Basak Subhash C, Natarajan Ramanathan, Mills Denise, Hawkins Douglas M, Kraker Jessica J
Natural Resources Research Institute, Center for Water and Environment, University of Minnesota-Duluth, 55811, USA.
J Chem Inf Model. 2006 Jan-Feb;46(1):65-77. doi: 10.1021/ci050215y.
Quantitative structure-activity relationship (QSAR) modelers often encounter the problem of multicollinearity owing to the availability of large numbers of computable molecular descriptors. Sparsity of the variables while using descriptors such as atom pairs increases the complexity. Three different predictor-thinning methods, namely, a modified Gram-Schmidt algorithm, a marginal soft thresholding algorithm, and LASSO (least absolute shrinkage and selection operator), were utilized to reduce the number of descriptors prior to developing linear models. Juvenile hormone (JH) activity of 304 compounds on Culex pipiens larvae was taken as the model data set, and predictor trimming of a large number of diverse descriptors comprising 268 global molecular descriptors (topostructural, topochemical, and geometrical), 13 quantum chemical descriptors, and 915 atom pairs (substructural counts) was applied prior to linear regression by the ridge regression method. The data set (N = 304) was split into five calibration data sets of random samples of sizes 60/110/160/210/260, and the remaining 244/194/144/94/44 compounds were used for validations. LASSO was not found to be a very effective method in handling a large set of descriptors because the number of predictors retained could not exceed the number of observations. The results indicated that the modified Gram-Schmidt algorithm could be used to trim the number of predictors in the global molecular descriptor set where collinearity of the descriptors was the major concern. On the contrary, the soft thresholding approach was found to be an effective tool in subset selection from a diverse set of descriptors having both sparsity and multicollinearity, as in the case of the combined set of atom pairs and global molecular descriptors. The final model developed after variable selection was dominated more by atom pairs, which indicated the important structural moieties that affect JH activity of the compounds. The success of the method reiterates the fact that QSAR or quantitative structure-property relationship (QSPR) models can be developed for a diverse set of compounds using properly parametrized and diverse sets of descriptors, of course, with the selection of the appropriate statistical tools.

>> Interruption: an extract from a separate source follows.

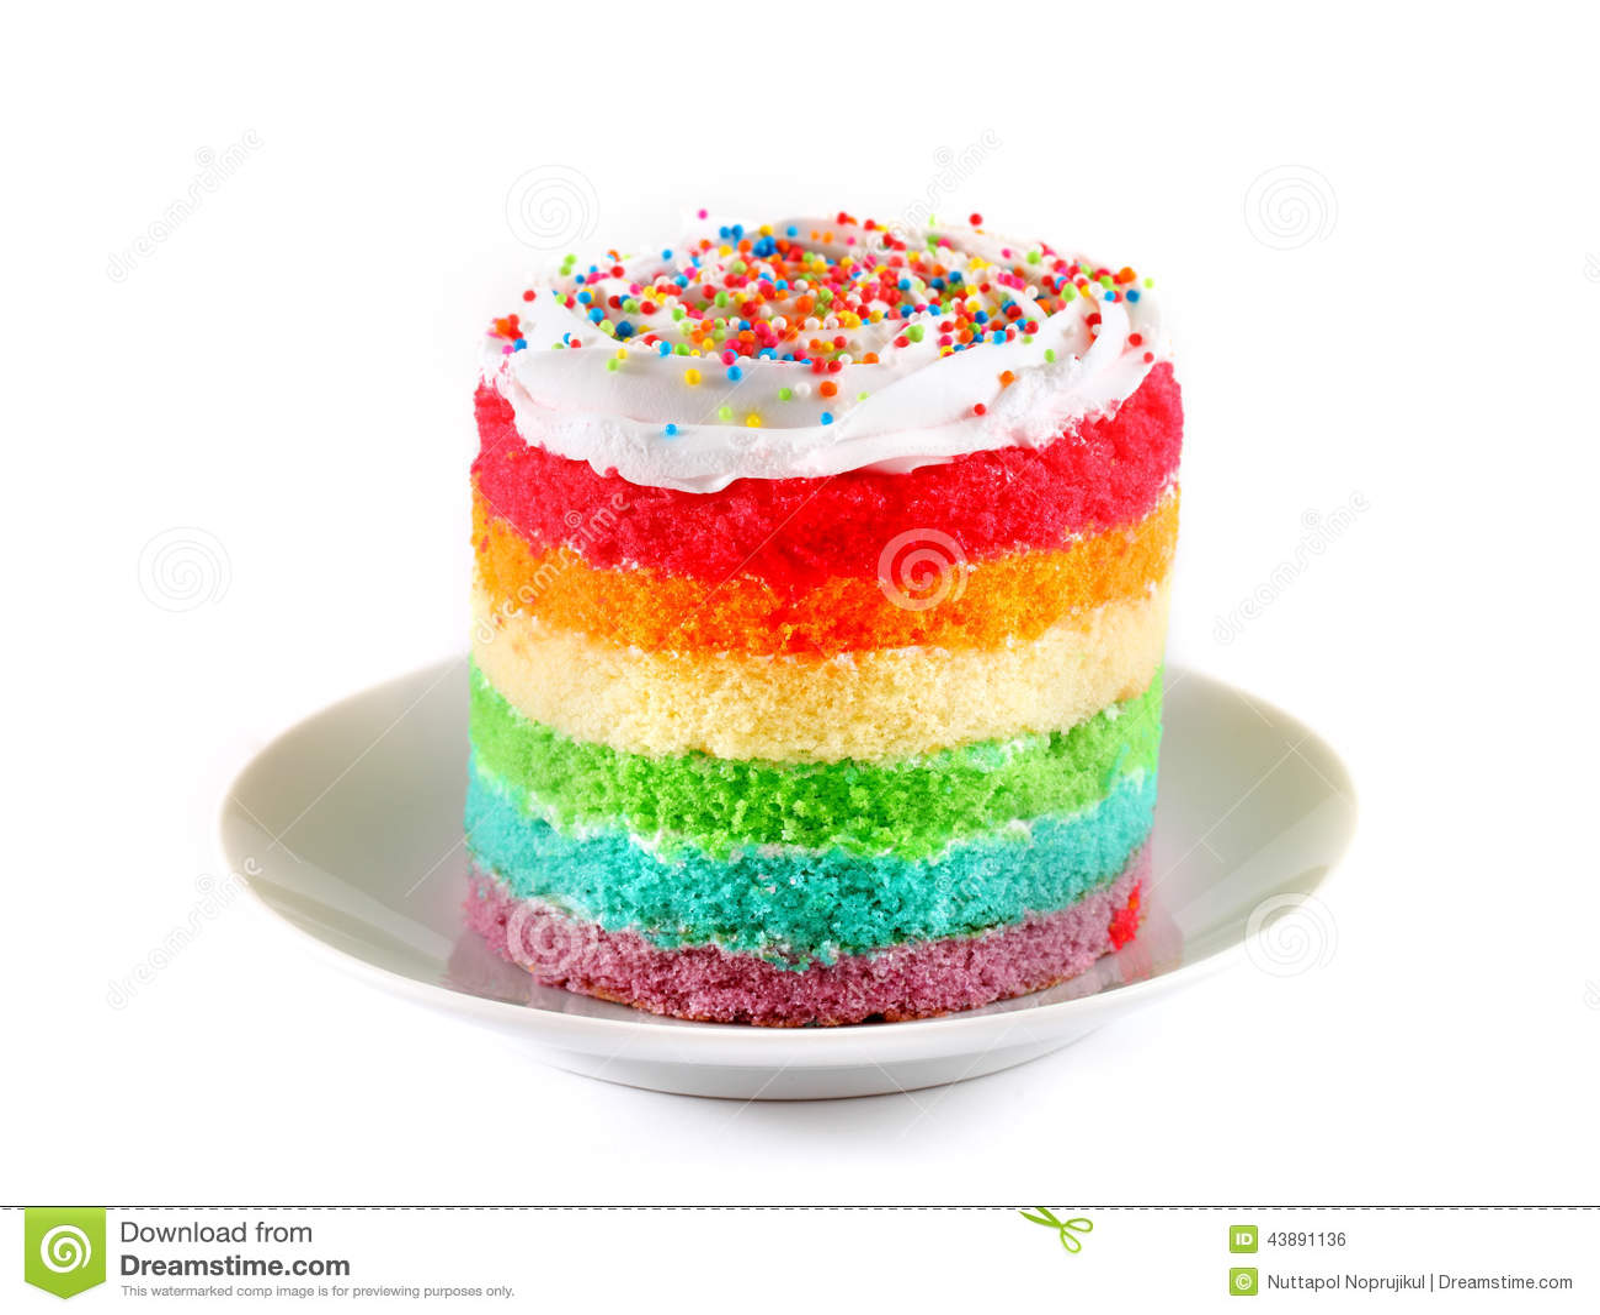 Slice Of Cake On White Plate Rainbow

由于存在大量可计算的分子描述符,定量构效关系(QSAR)建模者经常遇到多重共线性问题。在使用诸如原子对之类的描述符时,变量的稀疏性增加了复杂性。在开发线性模型之前,采用了三种不同的预测变量精简方法,即改进的Gram-Schmidt算法、边际软阈值算法和LASSO(最小绝对收缩和选择算子)来减少描述符的数量。以304种化合物对致倦库蚊幼虫的保幼激素(JH)活性作为模型数据集,并在通过岭回归方法进行线性回归之前,对包含268个全局分子描述符(拓扑结构、拓扑化学和几何)、13个量子化学描述符和915个原子对(子结构计数)的大量不同描述符进行预测变量修剪。数据集(N = 304)被随机分成五个校准数据集,大小分别为60/110/160/210/260,其余244/194/144/94/44种化合物用于验证。发现LASSO在处理大量描述符时不是一种非常有效的方法,因为保留的预测变量数量不能超过观测值的数量。结果表明,改进的Gram-Schmidt算法可用于修剪全局分子描述符集中的预测变量数量,其中描述符的共线性是主要关注点。相反,软阈值方法被发现是从具有稀疏性和多重共线性的不同描述符集中进行子集选择的有效工具,如在原子对和全局分子描述符的组合集的情况下。变量选择后开发的最终模型更多地由原子对主导,这表明影响化合物JH活性的重要结构部分。该方法的成功再次强调了这样一个事实,即使用适当参数化和多样化的描述符集,当然,结合选择合适的统计工具,可以为各种化合物开发QSAR或定量构性关系(QSPR)模型。